MANZI: You can’t. So you alluded to Waxman-Markey, which was the bill that attempted to do this 10 years ago, by every estimate that I saw, if you assumed it worked exactly as intended, and you gave it, you just gave it – every intended outcome all occurred, it would have lowered temperature by the end of the century by 0.1 degrees centigrade.

And then the argument becomes, when that’s pointed out, people are you know, because it’s not like you’re quoting the Heritage Foundation I mean, right? I mean, it’s like every responsible climate model says the same, rough thing. Then it becomes well, we’re leading by example, to which my response is, like, I have a regular poker game and you’re invited. Because like if the argument is like, here’s what we’re going to do, we’re going to give away our negotiating leverage so that the nice gentlemen who run China are just going to say, “oh, well you’re a good guy so I’m going to agree to this thing which costs me a lot of money.” It’s crazy.

KRISTOL: Even if they did the equivalent, incidentally, what would they –

MANZI: I don’t know. It’s a good question.

KRISTOL: You’re still not even reducing – you know, you’re still slowing growth rather than reducing –

MANZI: That’s definite. Oh, I think that’s for sure.

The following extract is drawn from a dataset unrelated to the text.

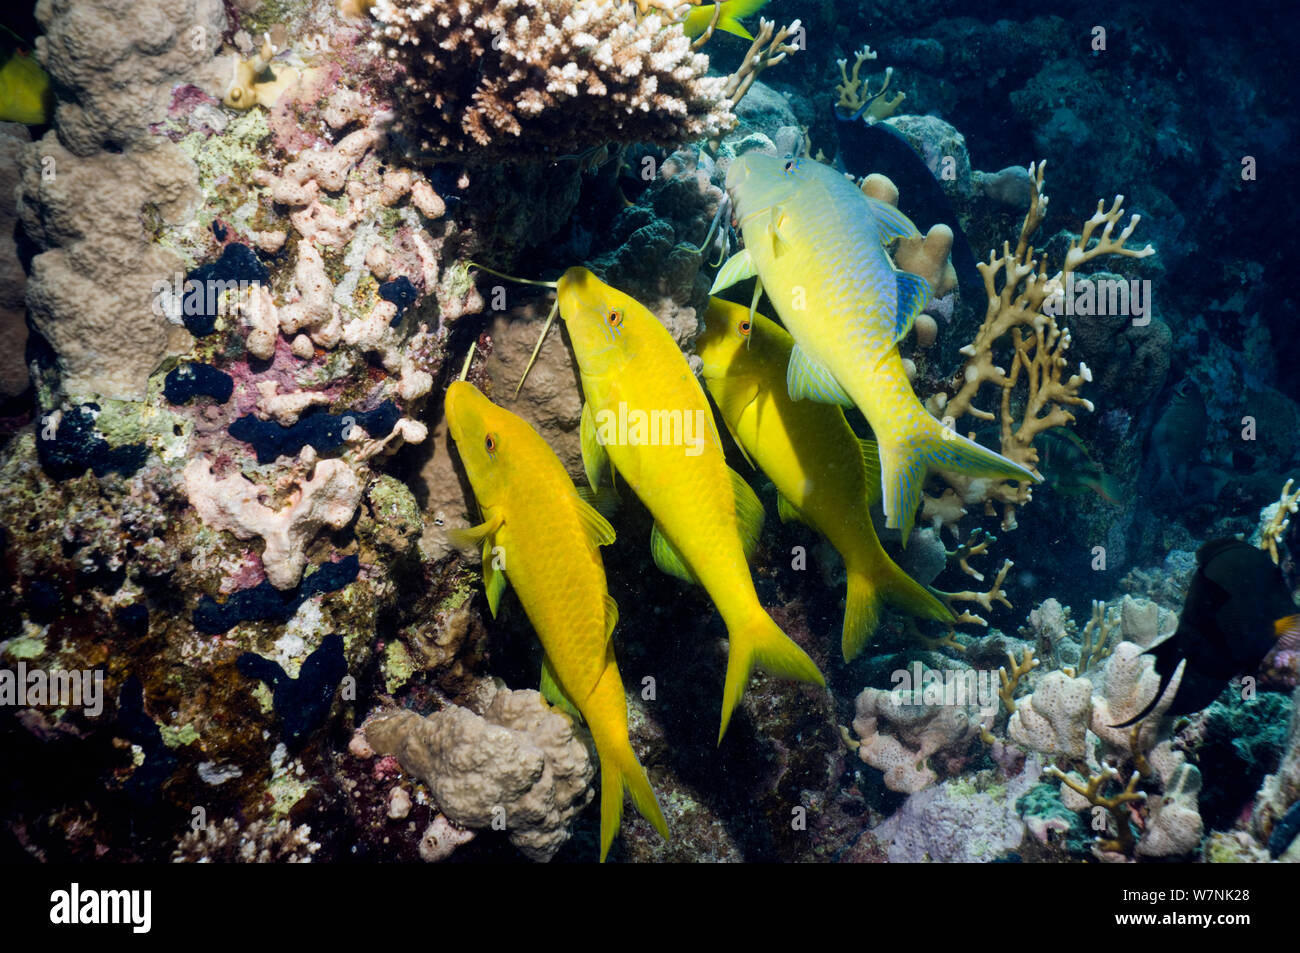 Yellowsaddle goatfish (Parupeneus cyclostomus) gang hunting over coral reef. Egypt, Red Sea. Stock Photo

KRISTOL: So it’s sort of a you know – and then if that’s the case, why not just, you know, take the growth and get the innovation, right?

MANZI: Exactly. Exactly right.

KRISTOL: Interesting. Well, we’ll have to reconvene in –

MANZI: Okay, good.

KRISTOL: I don’t know when exactly we’ll know more about this, but in 2021 it would be interesting, especially if a Democrat wins the presidency to see, in the real world, you know, your account of the first two years of Obama, I mean, how much of that gets replicated? How much do we have a, let’s call it a more traditional New Deal-like healthcare, economic redistribution, working, you know, helping labor versus capital agenda? How much do we have a climate change agenda, because they are in tension with one another.

MANZI: My bet would be strongly on the former, not the later. For what it’s worth.

KRISTOL: Well, we’ll convene in early 2021 and see if we’re in the – Thank you. This has been, for me, extremely instructive. So Jim Manzi, thank you for joining me today.

And thank you for joining us on CONVERSATIONS.